HR 5256

Observation data Epoch J2000 Equinox ICRS
- Constellation: Ursa Major
- Right ascension: 13^{h} 57^{m} 32.05836^{s}
- Declination: +61° 29′ 34.3000″
- Apparent magnitude (V): 6.52

Characteristics
- Spectral type: K3 V
- U−B color index: 0.98
- B−V color index: 1.01

Astrometry
- Radial velocity (R_{v}): −26.376±0.0011 km/s
- Proper motion (μ): RA: −31.693(22) mas/yr Dec.: +216.290(21) mas/yr
- Parallax (π): 99.3325±0.0193 mas
- Distance: 32.835 ± 0.006 ly (10.067 ± 0.002 pc)
- Absolute magnitude (M_{V}): 6.51

Details
- Mass: 0.82 M_{☉}
- Radius: 0.78 R_{☉}
- Luminosity: 0.28 L_{☉}
- Surface gravity (log g): 4.57 cgs
- Temperature: 4,811 K
- Metallicity [Fe/H]: 0.17 dex
- Rotational velocity (v sin i): 4.6 km/s
- Age: 5.36 Gyr
- Other designations: BD+62°1325, HD 122064, HIP 68184, HR 5256, SAO 16230, G 239-008, LTT 14084

Database references
- SIMBAD: data

= HR 5256 =

Star in the constellation Ursa Major

HR 5256 is a star located 32.869 light-years away from the Sun in the northern circumpolar constellation of Ursa Major. It has an orange hue and is a challenge to view with the naked eye, having an apparent visual magnitude of 6.52. The distance to this star is just over 10 parsecs, so the absolute magnitude of 6.51 is almost the same as the star's apparent magnitude. HR 5256 is drifting nearer to the Sun with a radial velocity of −26.4 km/s, and will make its closest approach to the Sun in about 333,000±16,000 years, when it will be at a distance of 3.9 ±.
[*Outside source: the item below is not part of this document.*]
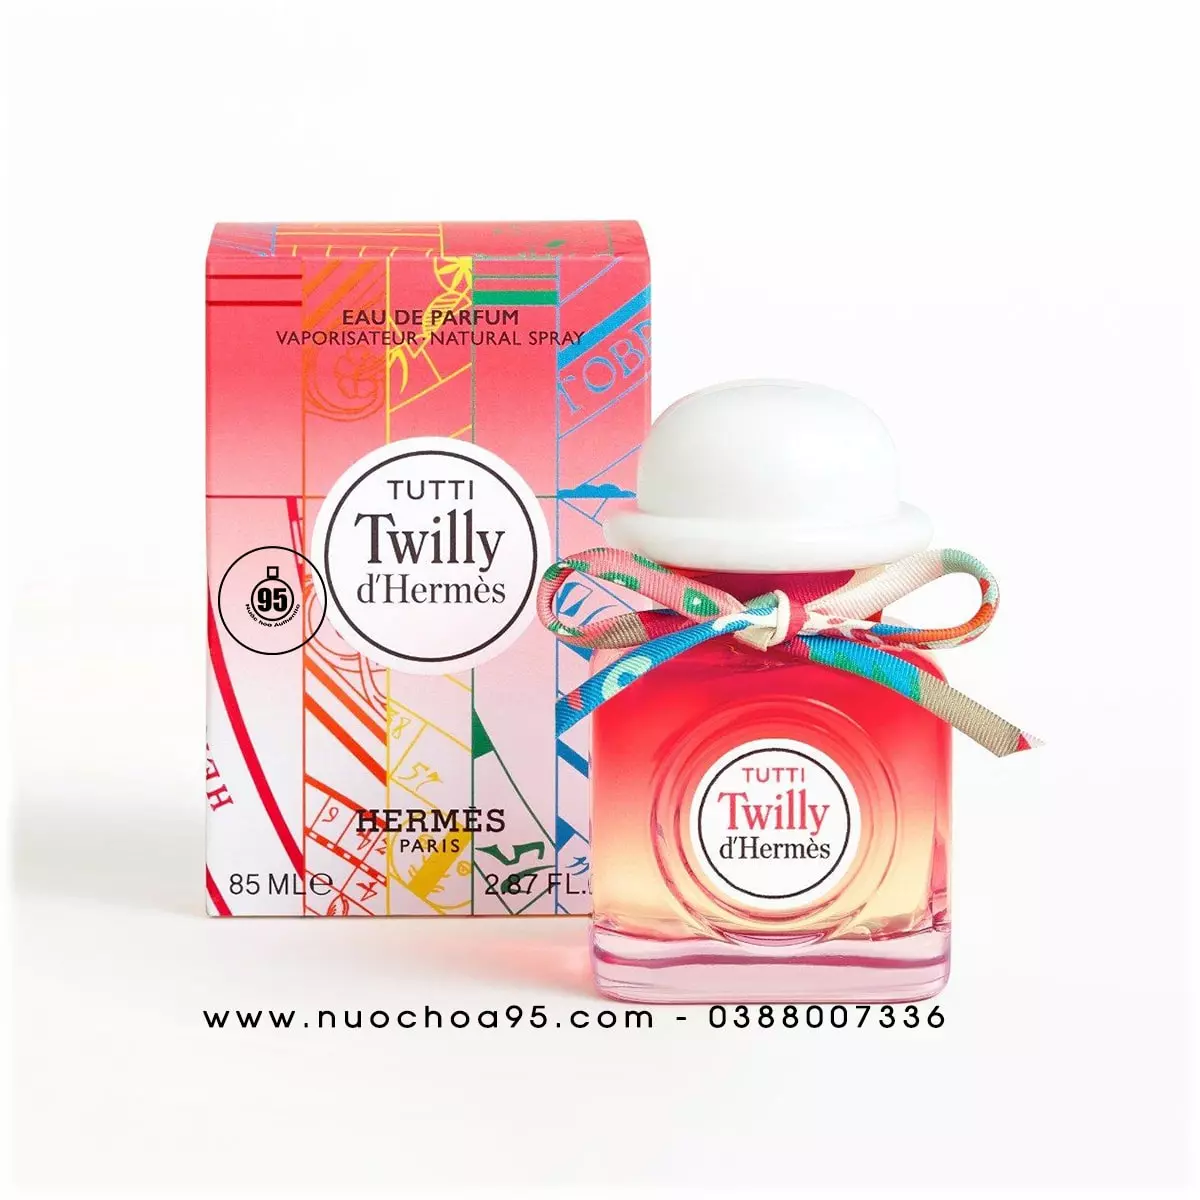 Nước hoa Twilly d'Hermès Tutti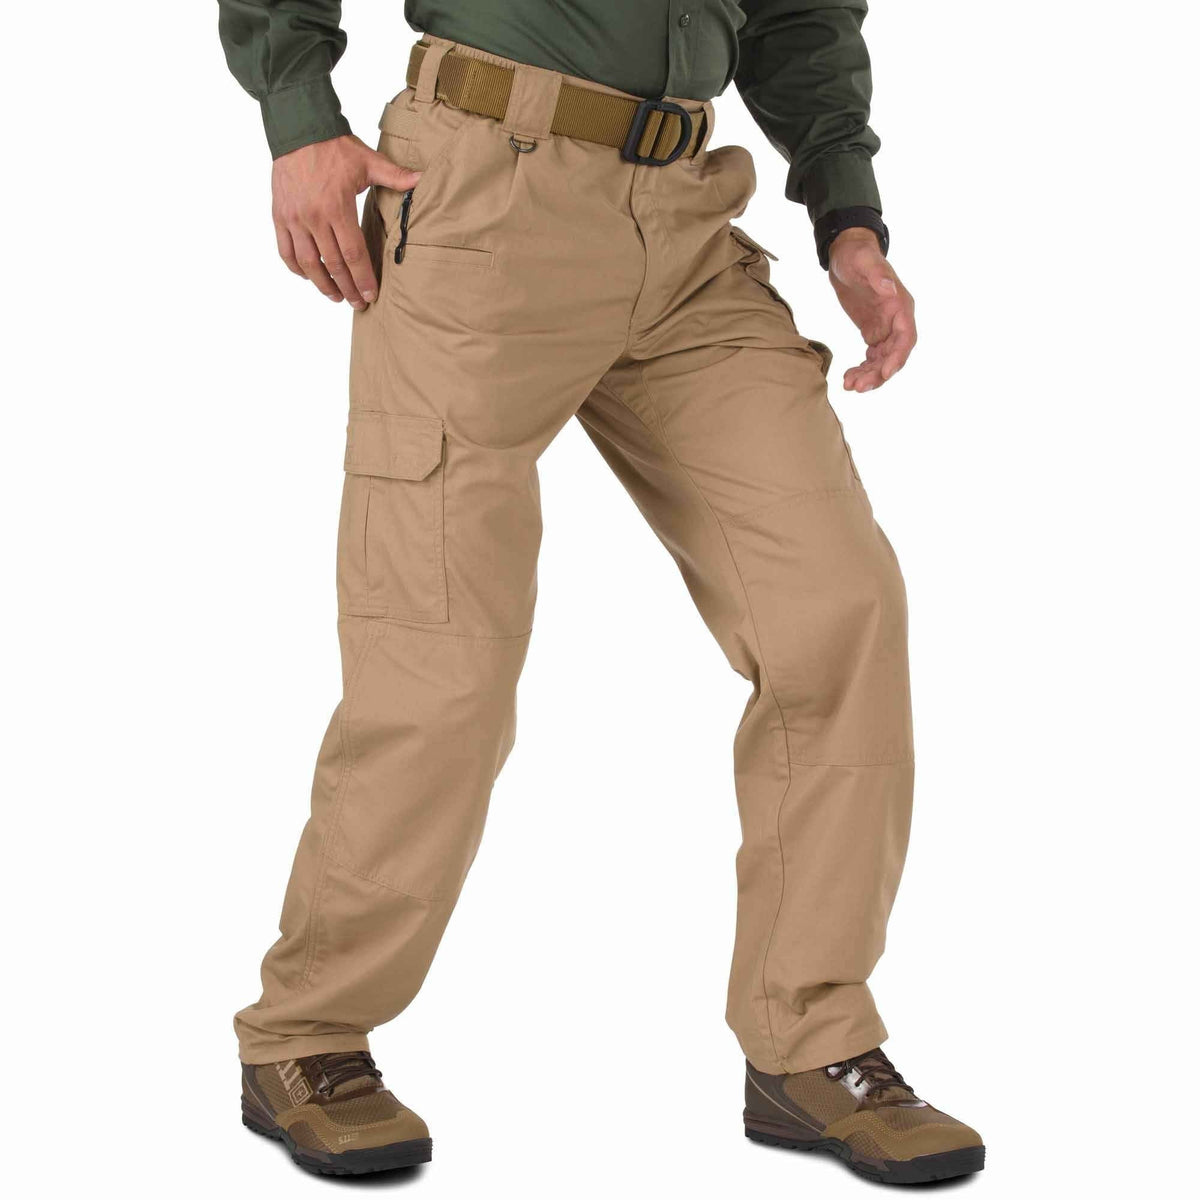 5.11 Tactical Taclite Pro Pants - Coyote Pants 5.11 Tactical 28 30 Tactical Gear Supplier Tactical Distributors Australia

This object is an ordinary K-type main-sequence star with a stellar classification of K3 V, which indicates it is undergoing core hydrogen fusion. It is over five billion years of age and is spinning slowly with a projected rotational velocity of 4.6 km/s. The star has an estimated 82% of the Sun's mass and 78% of the Sun's radius. It is radiating just 28% of the luminosity of the Sun from its photosphere at an effective temperature of 4,811 K.